Osoby, które doświadczyły „wpadki” w trakcie terapii, charakteryzowały się wyższym nasileniem depresji i lęku, stresu pourazowego, głodu alkoholu oraz tendencji samobójczych. Miały większe w czasie pandemii trudności w domu i bliskich relacjach oraz odczuwały bardziej nasilony niepokój dotyczący rozprzestrzeniania się pandemii. Najsilniejsze efekty (umiarkowane) odnosiły się do poziomu depresji, głodu oraz trudności w domu i relacjach. Na uwagę zasługuje natomiast wynik wskazujący, że „wpadki” miały miejsce częściej w grupie osób, które raportowały zmniejszenie dostępności terapii, w porównaniu z tymi, którzy tego nie zgłaszali (χ2 = 5,33, df = 1, p = 0,02). Występowanie „wpadek” nie było natomiast zależne od płci (χ2 = 3,17, df = 1, p = 0,07), uczestnictwa w trakcie leczenia w mitingach AA (χ2 = 0,07, df = 1, p = 0,93) oraz przebytego zakażenia koronawirusem (χ2 = 0,61, df = 2, p = 0,72). Porównanie osób doświadczających i niedoświadczających „wpadek” nie wykazało również statystycznie istotnych różnic w ocenie przymierza terapeutycznego.

■ OMÓWIENIE

Celem prezentowanych badań było określenie związków między doświadczeniami osobistymi oraz związanymi z terapią a funkcjonowaniem psychicznym osób uzależnionych od alkoholu, leczących się w okresie pandemii. Badania te wykazały szereg interesujących zależności. W odniesieniu do doświadczeń osobistych wykazano istotnie gorszy poziom zdrowia psychicznego (depresja, lęk, dysregulacja „ja” wchodząca w skład skali badającej stres pourazowy, tendencje samobójcze) pacjentów, którzy przebyli zakażenie COVID-19, w porównaniu z tymi, którzy tego zakażenia nie przebyli.

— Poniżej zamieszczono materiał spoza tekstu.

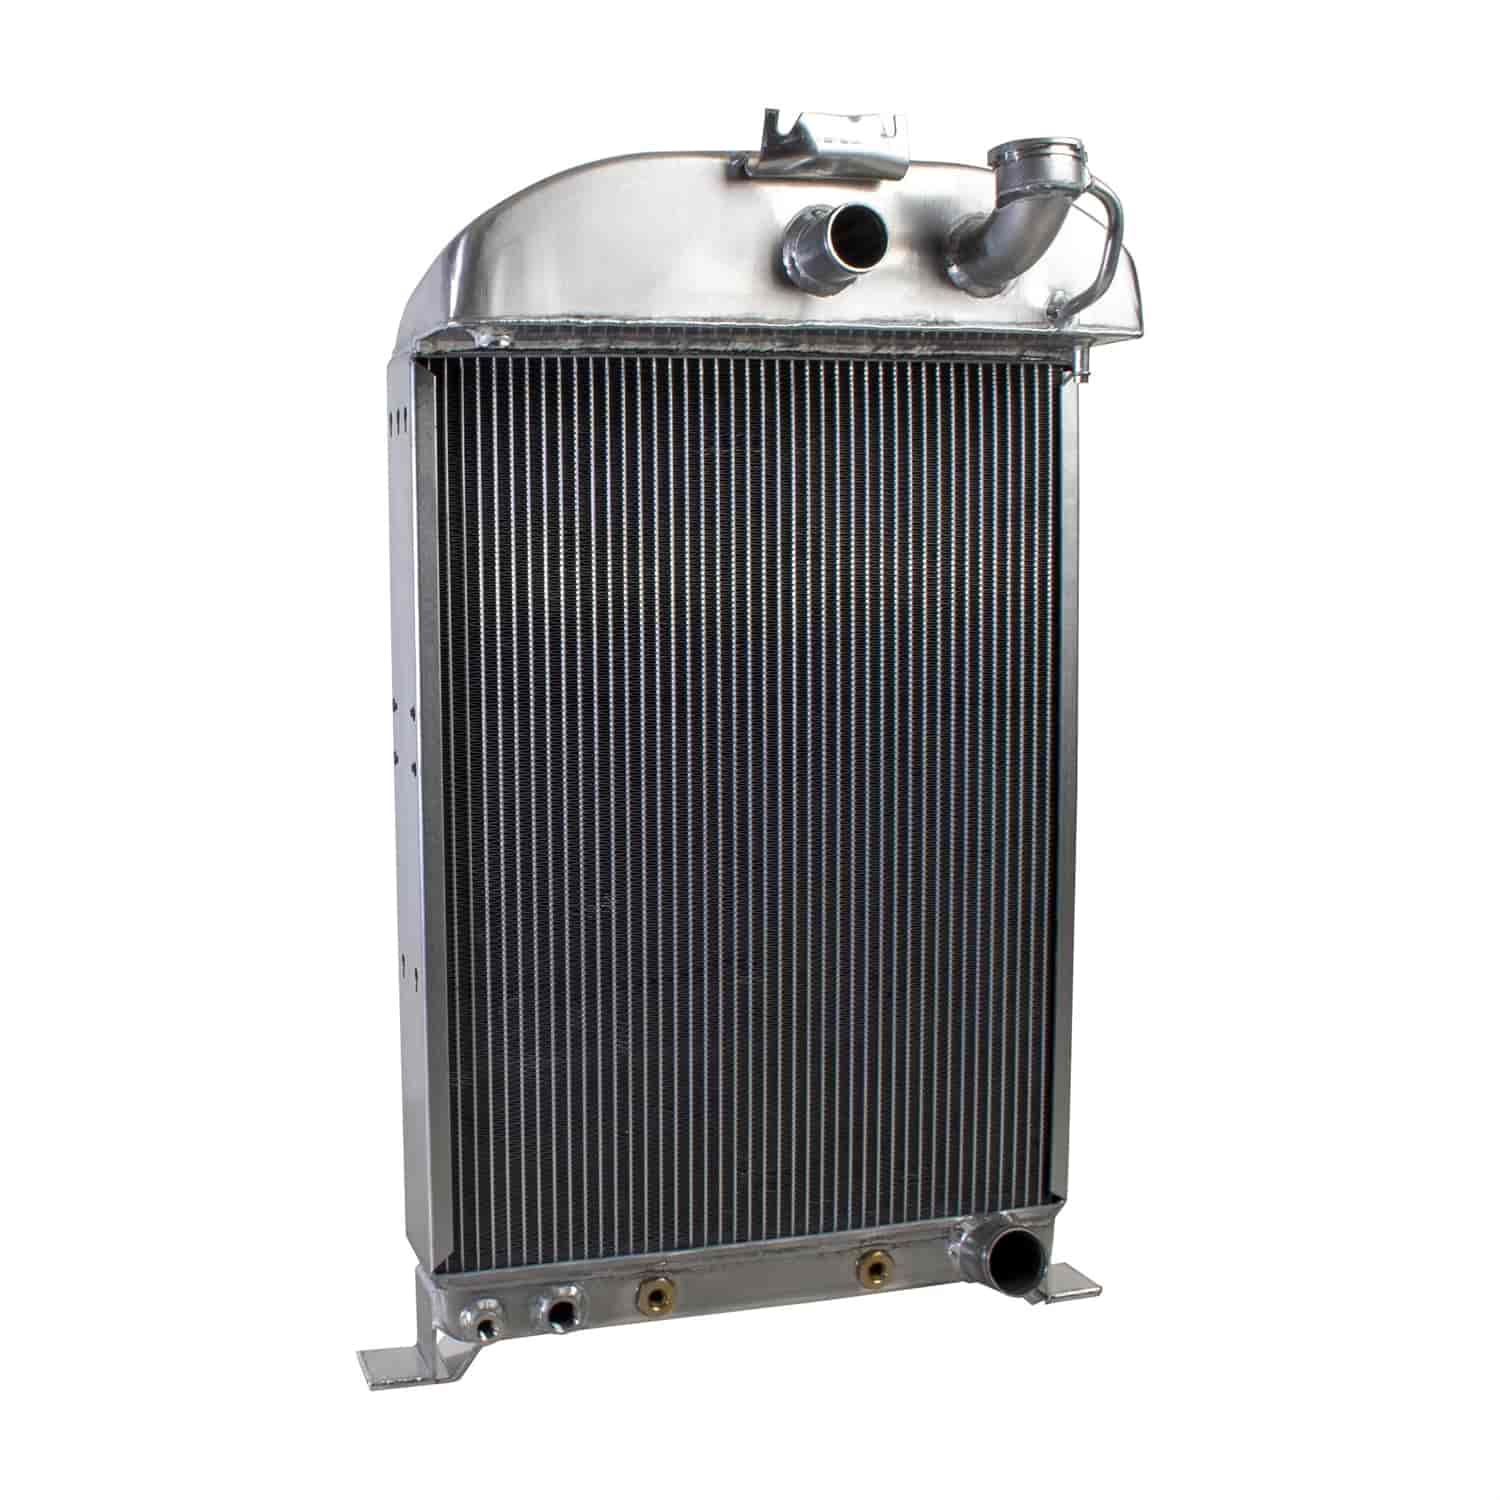 ExactFit Radiator for 1933-1934 Ford with Early GM

Ten wynik koresponduje z rezultatami obszernej metaanalizy badań dotyczących funkcjonowania psychicznego osób, które przebyły zakażenie – wykazano u nich w okresie pochorobowym (także w długim odcinku czasowym) wysoki poziom stresu pourazowego, depresji, zaburzeń lękowych i zmęczenia [31]. W badaniach przytaczanych we wstępie do niniejszego artykułu twierdzono, że wśród grup zagrożonych wystąpieniem zaburzeń psychicznych znajdują się m.in. ozdrowieńcy i rodziny osób zmarłych na COVID-19 [2–7]. W naszym badaniu osoby, którym w następstwie zakażenia koronawirusem zmarł ktoś bliski, wykazywały wyższy poziom tendencji samobójczych. W związku z tym postulujemy, aby zwracać szczególną uwagę na osoby uzależnione, które przebyły chorobę koronawirusową, oraz na te, którym w następstwie tej choroby zmarł ktoś bliski. Wydaje się, że pytania o ten obszar problemowy winny być włączone do wywiadu z pacjentem rozpoczynającym leczenie.
Na uwagę w trakcie terapii zasługują również osoby, które w ostatnim okresie utraciły pracę (np. w następstwie pandemii). W prezentowanym badaniu takie osoby przejawiały istotnie wyższy poziom stresu pourazowego, mniejsze zadowolenie z życia oraz wyższy poziom tendencji samobójczych. Związek tendencji samobójczych u osób uzależnionych z kryzysem gospodarczym i utratą pracy został wykazany niezależnie od pandemii [m.in. 13, 32]. Stwierdzono również, że kończące terapię w okresie pandemii uzależnione kobiety odczuwają, w porównaniu z mężczyznami, znacznie więcej trudności z nią związanych i bardziej boją się jej rozprzestrzenienia. Większe obciążenie kobiet następstwami pandemii potwierdzono zarówno w przytaczanych już badaniach [2–7], jak i w metaanalizie badań pochodzących z różnych krajów i kontynentów [33].
W badanej grupie zaobserwowano występowanie szeregu istotnych statystycznie (choć słabych) zależności między odczuwanymi trudnościami okresu pandemii a objawami psychopatologicznymi. Najsilniejsze związki występowały między wspominanymi objawami a trudnościami w domu i relacjach (np. poczucie, że „działamy sobie na nerwy”, kłócenie się, brak możliwości pobycia w samotności, zwiększona liczba codziennych obowiązków). Warto zauważyć, że w polskich badaniach dotyczących predyktorów lęku uogólnionego i objawów depresyjnych u osób w różnym wieku w okresie pandemii również stwierdzono najbardziej istotną rolę tych właśnie trudności [14].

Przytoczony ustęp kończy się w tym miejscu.